28. A method for classifying and/or categorizing and/or segmenting image and/or video data, the method comprising the steps:
providing a foundation model trained by:
providing at least one image and/or video datum including image information of at least one domain and at least one image label,
providing at least one general knowledge graph including information about the at least one domain,
providing at least one textual description of image information of the at least one image and/or video datum,
embedding the at least one textual description in the graph-based neural network using a large language model,
embedding the general knowledge graph in the graph-based neural network,
generating a graph-text feature vector by the graph-based neural network as a function of the at least one textual description and the general knowledge graph,
generating an image feature vector by the foundation model,
(i) training the foundation model based on the graph-text feature vector, or (ii) training the graph-based neural network based on the embedded textual description, the embedded general knowledge graph, and as a function of the image feature vector, and training the foundation model based on the graph-text feature vector and the at least one image and/or video datum, and
providing the trained foundation model and/or the trained graph-based neural network;
providing at least one labeled image and/or labeled video datum;
converting the at least one labeled image and/or labeled video datum into at least one image feature vector by the trained foundation model; and
classifying and/or categorizing and/or segmenting the at least one labeled image and/or labeled video datum as a function of the image feature vector by a trained machine learning classification and/or categorization and/or segmentation algorithm.
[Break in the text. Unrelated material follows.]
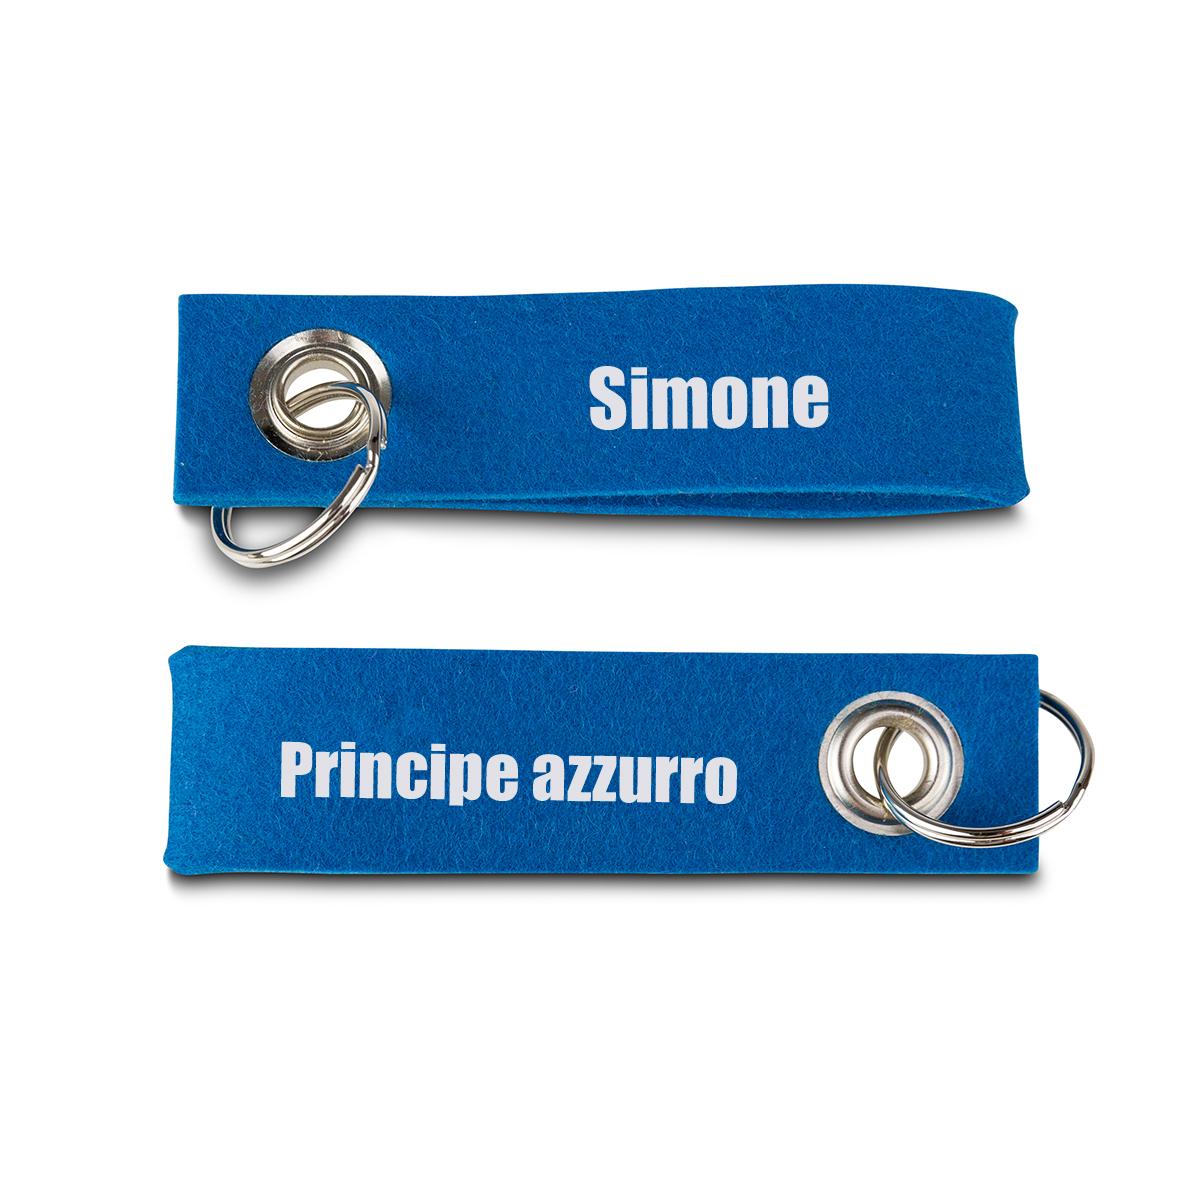 Image of Portachiavi personalizzato in Feltro - Principe Azzurro
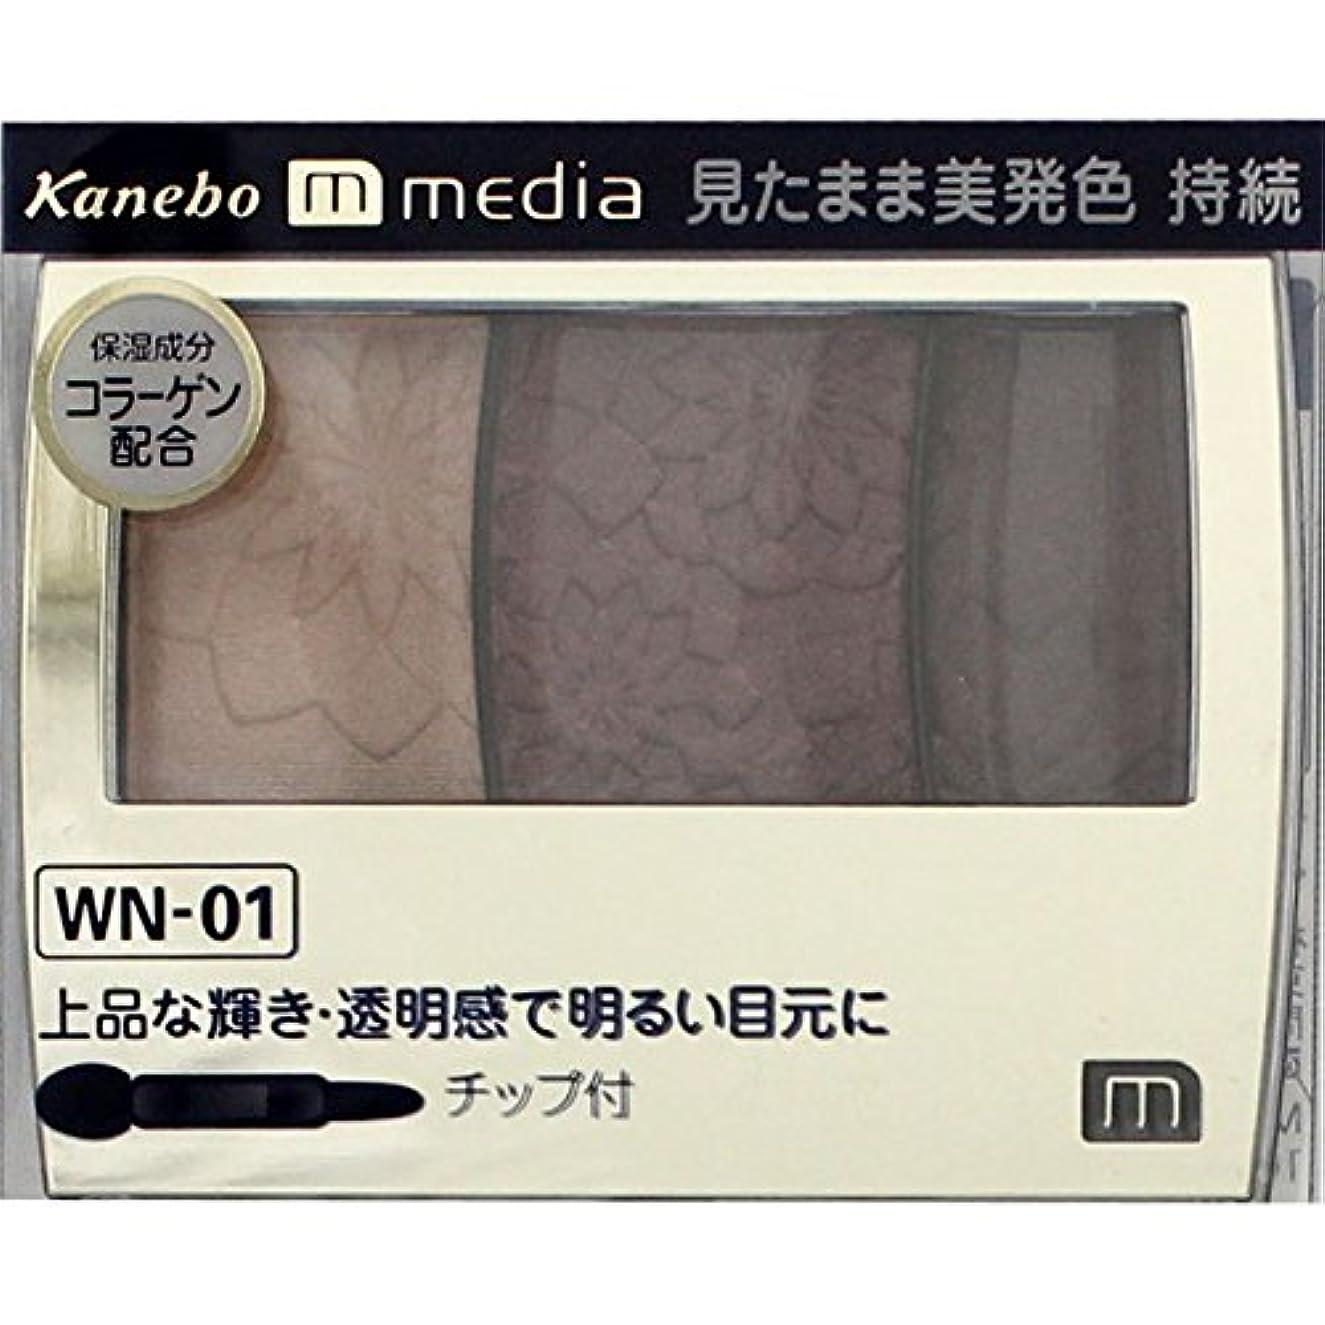 叫び声溶岩非難【カネボウ】 メディア グラデカラーアイシャドウ WN-01

29. A non-transitory computer-readable data carrier having program code of a computer program for training a foundation model including a deep neural network and/or a graph-based neural network, the program code, when executed by a computer, causing the computer to perform the following steps:
providing at least one image and/or video datum including image information of at least one domain and at least one image label;
providing at least one general knowledge graph including information about the at least one domain;
providing at least one textual description of image information of the at least one image and/or video datum;
embedding the at least one textual description in the graph-based neural network using a large language model;
embedding the general knowledge graph in the graph-based neural network;
generating a graph-text feature vector by the graph-based neural network as a function of the at least one textual description and the general knowledge graph;
generating an image feature vector by the foundation model;
(i) training the foundation model based on the graph-text feature vector, or (ii) training the graph-based neural network based on the embedded textual description, the embedded general knowledge graph, and as a function of the image feature vector, and training the foundation model based on the graph-text feature vector and the at least one image and/or video datum; and
providing the trained foundation model and/or the trained graph-based neural network.